Some things of note for the dataset above: It’s a snapshot of Spotify from October 2022. There are also several songs listed under more than one genre (some data cleaning may be required to remove duplicates if it’s relevant to your analysis).
import polars as pl
import plotly.express as px
#------------------------------------------------------------------------------#
# Load data set from git or from local drive #
#------------------------------------------------------------------------------#
if False: # to read data from git, and save to disk
df = pl.read_csv(
'https://raw.githubusercontent.com/plotly/Figure-Friday/main/2024/week-34/dataset.csv'
)
df.write_csv('dataset.csv')
if True: # to read data fromdisk
df = pl.read_csv(
'dataset.csv'
)
#------------------------------------------------------------------------------#
# Find the top 10 of each genre - ranking based on popularity #
#------------------------------------------------------------------------------#
top_10_by_genre = (
pl.LazyFrame(
df
.select(pl.col('track_genre', 'artists', 'track_name', 'popularity'))
.with_columns(ARTIST_COUNT = pl.col('artists').count().over('artists'))
.unique(['track_genre', 'artists'])
.group_by(['track_genre', 'artists', 'track_name', 'ARTIST_COUNT']).agg(pl.mean('popularity'))
.sort(['track_genre','popularity'], descending=True)
.with_columns(GENRE_COUNT = pl.col('track_genre').count().over('track_genre'))
.with_columns(TRACK_GENRE_RANK = pl.col('track_genre').cum_count().over('track_genre'))
.filter(pl.col('TRACK_GENRE_RANK') <= 10)
)
.collect()
)
#------------------------------------------------------------------------------#
# find top 10 genres based on popularity of its songs #
#------------------------------------------------------------------------------#
top_10_genres = (
top_10_by_genre
.group_by(pl.col('track_genre')).agg(pl.mean('popularity'))
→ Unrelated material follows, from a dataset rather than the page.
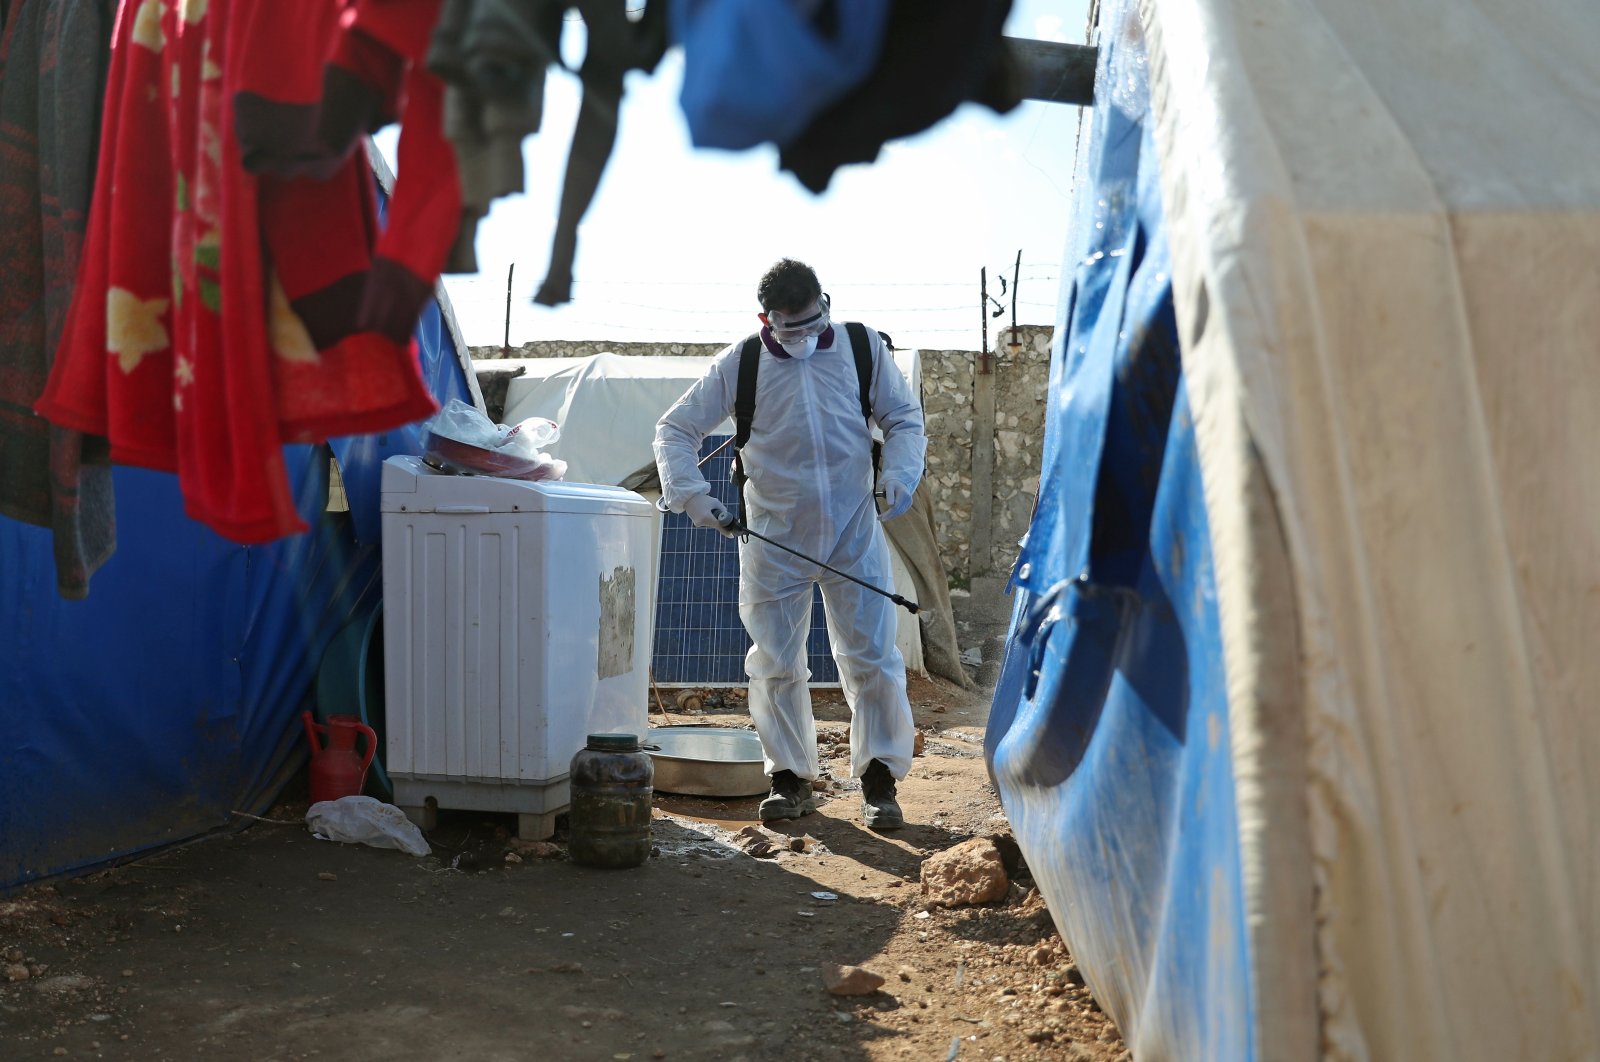 A member of the Syrian Violet NGO disinfects tents at a camp for displaced people in Kafr Jalis village, north of Idlib city, on March 21, 2020, as a preventive measure against the spread of the coronavirus. (AFP Photo)

.sort('popularity', descending=True)
.head(10)
.select(pl.col('track_genre'))
.to_series()
.to_list()
)
#------------------------------------------------------------------------------#
# Make bar charts of top 10 songs in the top 10 genres #
#------------------------------------------------------------------------------#
for genre in top_10_genres: # iterate through the top 10 genres
df_plot = (
pl.LazyFrame(
top_10_by_genre
.filter(pl.col('track_genre') == genre)
.select(pl.col('artists', 'track_name', 'popularity','track_genre', 'ARTIST_COUNT'))
.with_columns(
pl.col('artists').str.to_titlecase(),
)
.with_columns(
ARTIST_TOTAL = pl.col('artists').count().over('artists')
)
.with_row_index(offset=1)
.tail(10)
.with_columns(
ARTIST_TRACK = (
pl.lit('<b>') + # bold font for artist name
pl.col('artists') +
pl.lit('</b>') + # end bold font, use normal fon for track name
pl.lit(' ') + # add spaces after artist name to separate from plot
pl.lit('<br>') + # html line feed puts artist name on first line,track name on second
pl.col('track_name') +
pl.lit(' ') # add spaces after track name to separate from plot
)
)
.sort('popularity')
)
.collect()
)
# Make horizontal bar chart
fig = px.bar(
df_plot.sort('popularity', descending=False),
x='popularity',
y="ARTIST_TRACK",
# color = 'ARTIST_COUNT',
orientation = 'h',
template='plotly_white',
height=600,
width=1000,
range_x=[80, 100],
# category_orders={'index': df.index[::-1]}
)
fig.update_layout(title = genre)
# fig.update_layout( yaxis={'categoryorder':'array', 'categoryarray':df.index})
fig.show()
I built a Dash app dashboard for compare the overall tracks’ metrics and categories distribution against popular and not popular songs based on popularity bins.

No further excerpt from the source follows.